All’interno dello studio viene riportato anche il confronto con le alternative vegetali, e in particolare i legumi: un consumo di 50 o 100 grammi al giorno non aumenta il rischio di contrarre le quattro malattie in analisi. Anzi, il rischio di ammalarsi si riduce all’aumentare della quantità di legumi consumati quotidianamente. Per 100 g di legumi consumati al giorno, ad esempio, il rischio di contrarre malattie cardiovascolari si riduce di più del 10%. Non viene quindi attribuito nessun costo sanitario al consumo di questi alimenti vegetali al confronto con la carne.
Come si legge nel report, a causa del consumo di carne, ogni anno in Italia vengono persi circa 350mila anni di vita, che significa che l’aspettativa di vita in salute di un consumatore di carne si riduce di circa 2,3 giorni. Ma l’alternativa c’è, ed è il consumo di alimenti vegetali: “Siamo consapevoli che non si tratta di cambiamenti da attuare da un giorno all’altro – dichiara Roberto Bennati, direttore generale di LAV – ma le stime della FAO secondo cui il consumo di carne attuale nel 2050 raddoppierà, arrivando a 465 milioni, ci indicano la direzione”.

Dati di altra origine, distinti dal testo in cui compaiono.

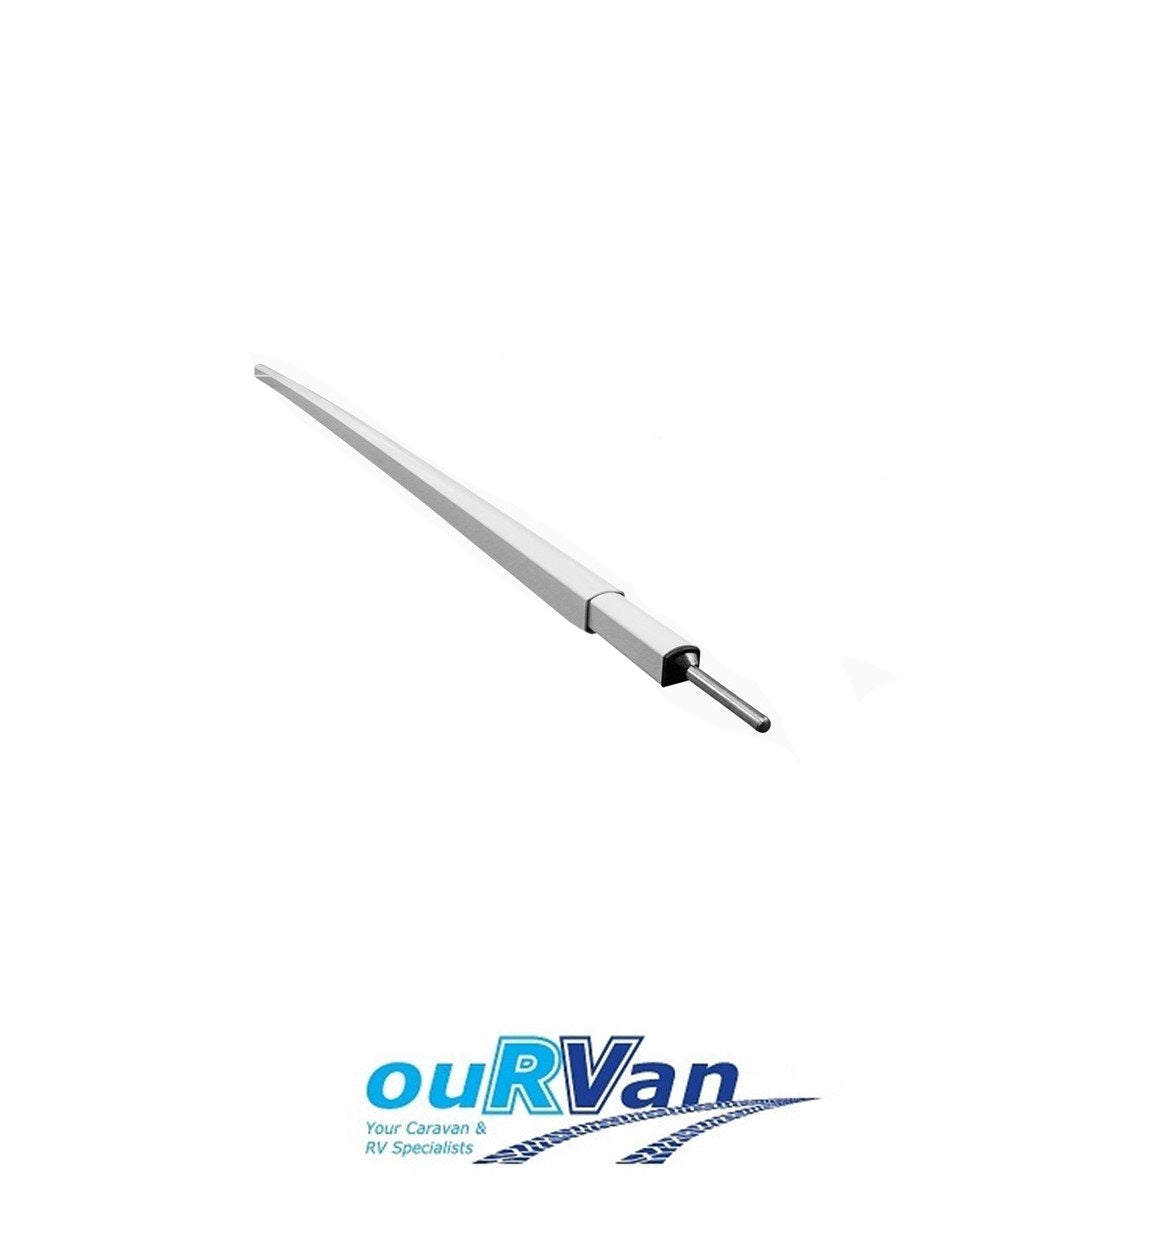 SUPEX ACUTE CYRVED CARAVAN AWNING RAFTER FOR ROLL-OUT ROOF TENSION SUPPORT
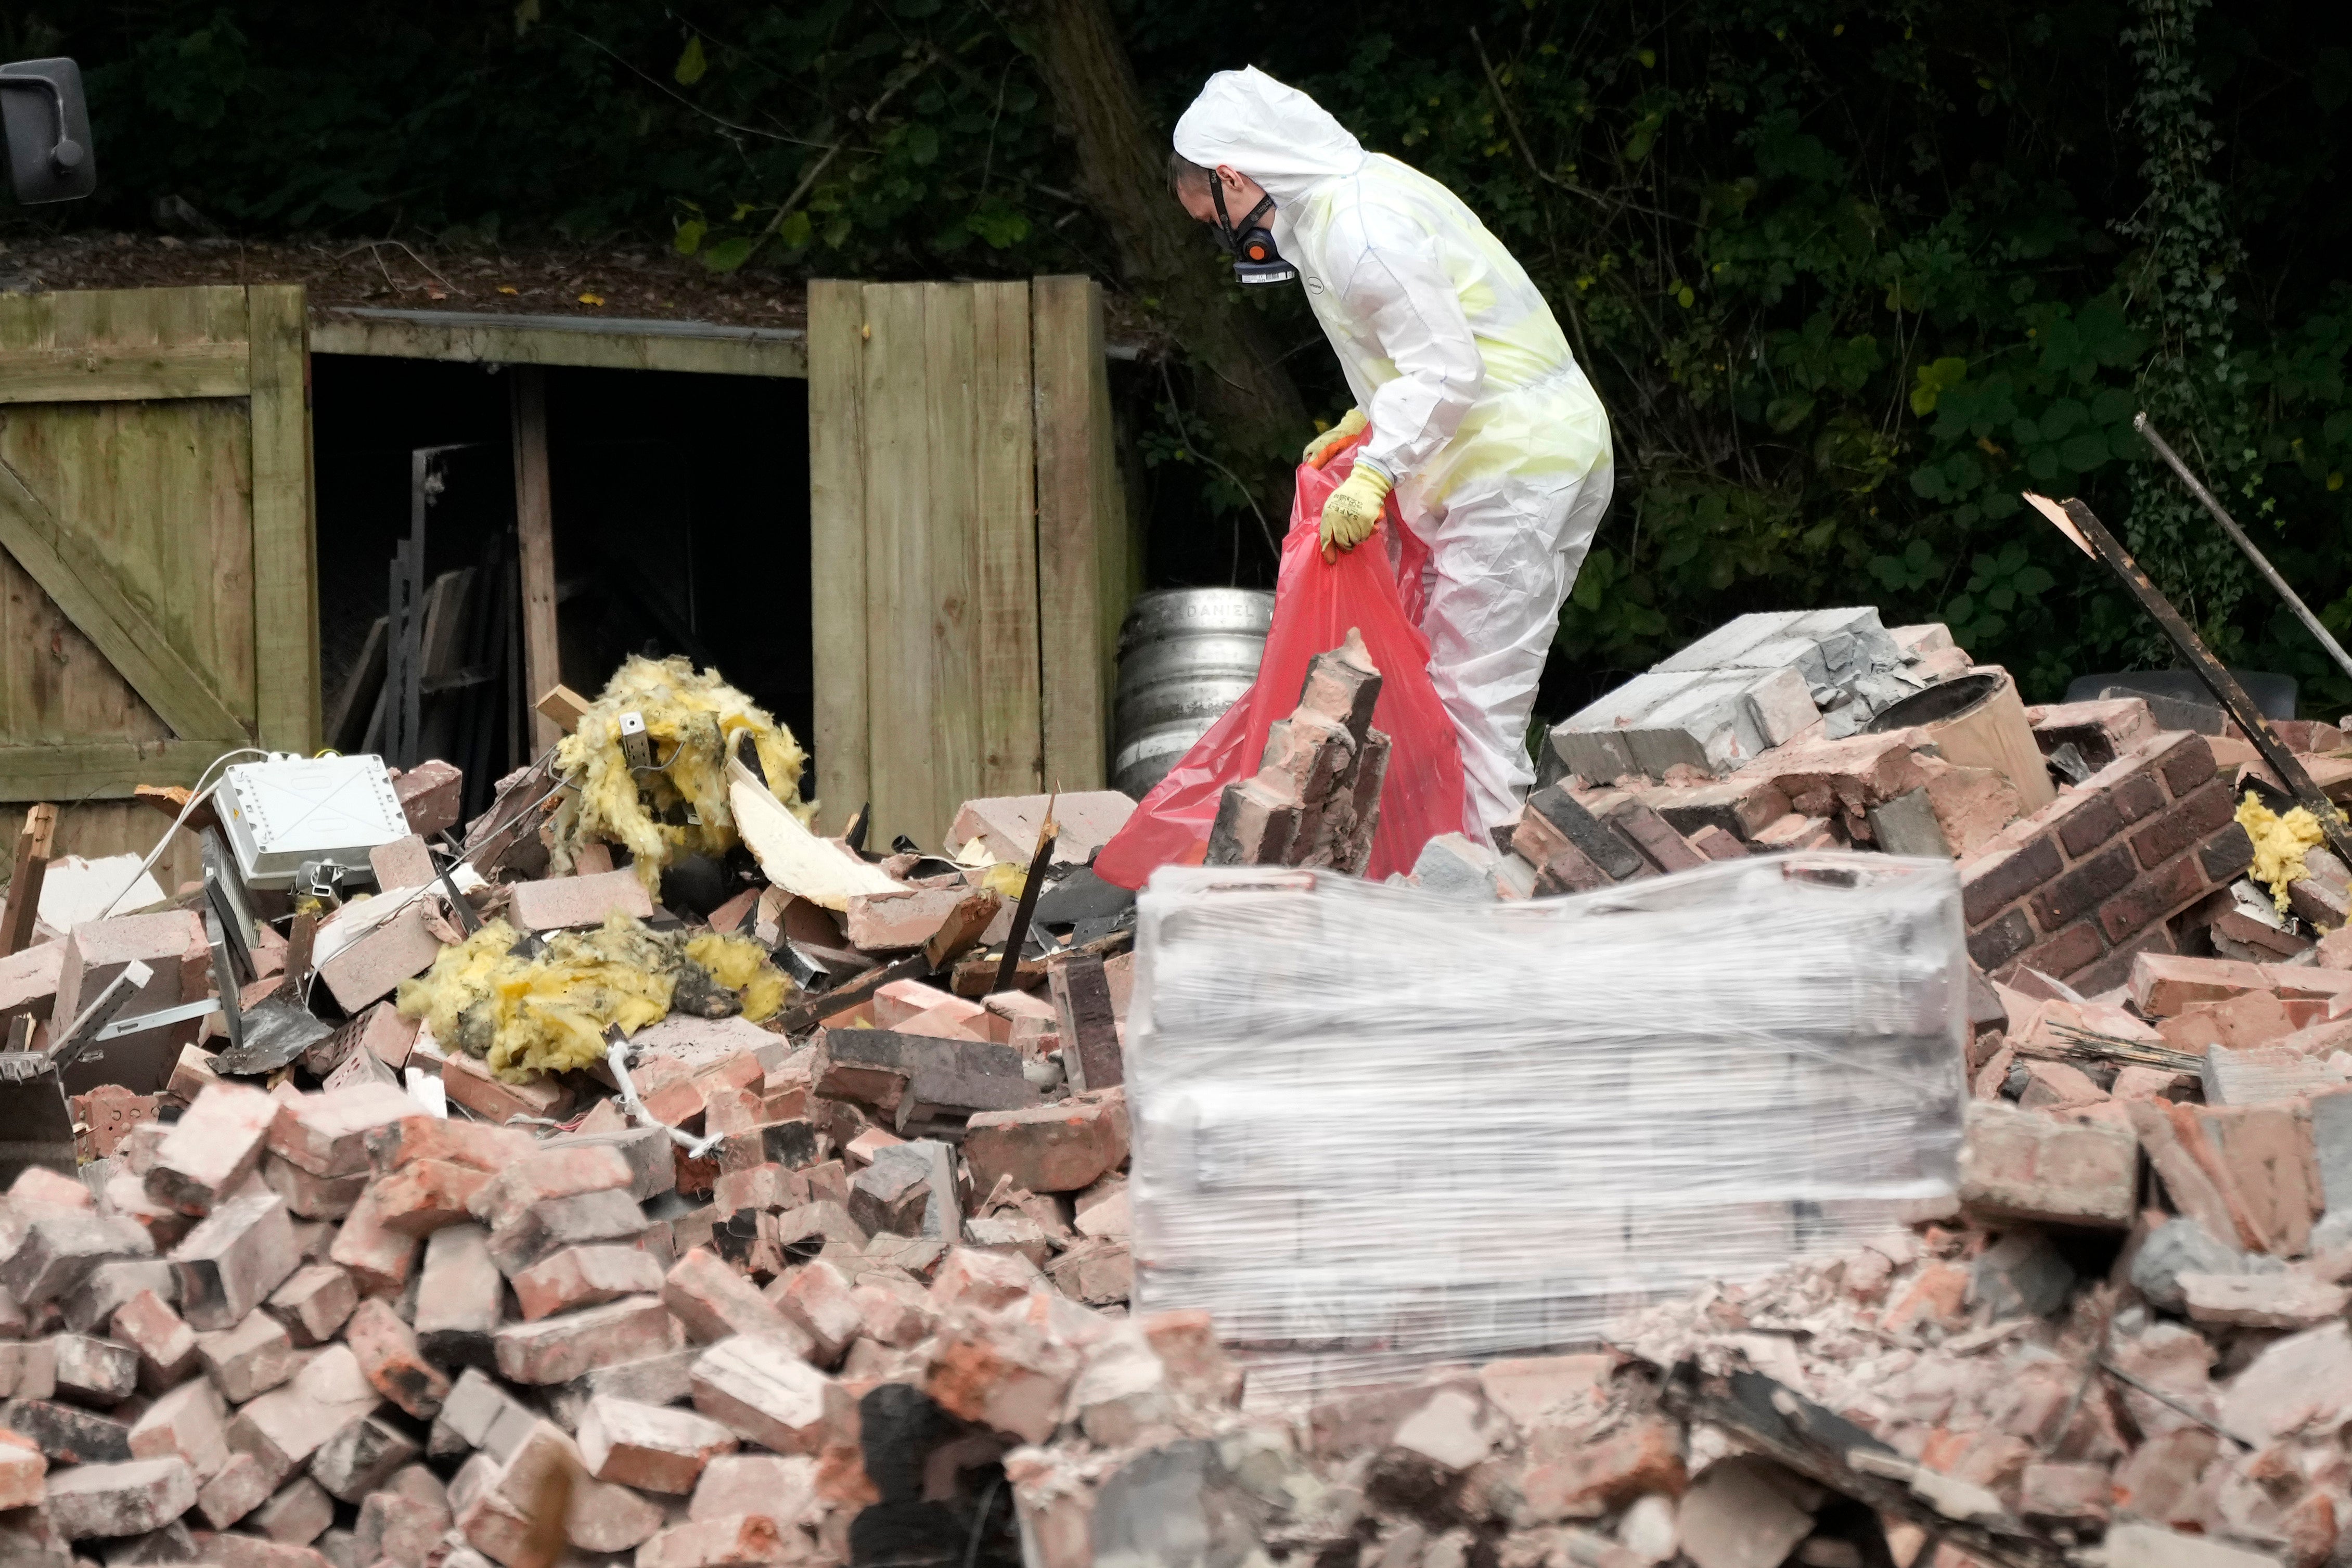 Workers remove dangerous materials from the ruins of the demolished Crooked House pub in August

Focus on: cosa ha detto l’OMS sul consumo di carne?
Non dimentichiamo che lo studio Demetra si aggiunge a quanto già espresso dalla scienza. In particolare, nel 2015 l’Organizzazione Mondiale della Sanità ha classificato le carni lavorate come “cancerogeno per l’uomo” (Gruppo 1), mentre il consumo di carne rossa è stato classificato come “probabilmente” cancerogeno per l’uomo “(Gruppo 2A).
Nel fare questa valutazione, il team di lavoro ha preso in considerazione tutti i dati rilevanti esaminati, inclusi i dati epidemiologici mostrando un’associazione tra consumo di carne rossa e cancro colon-rettale, del pancreas e della prostata.” Consulta il rapporto elaborato nel 2015: Carcinogenicity of consumption of red and processed meat.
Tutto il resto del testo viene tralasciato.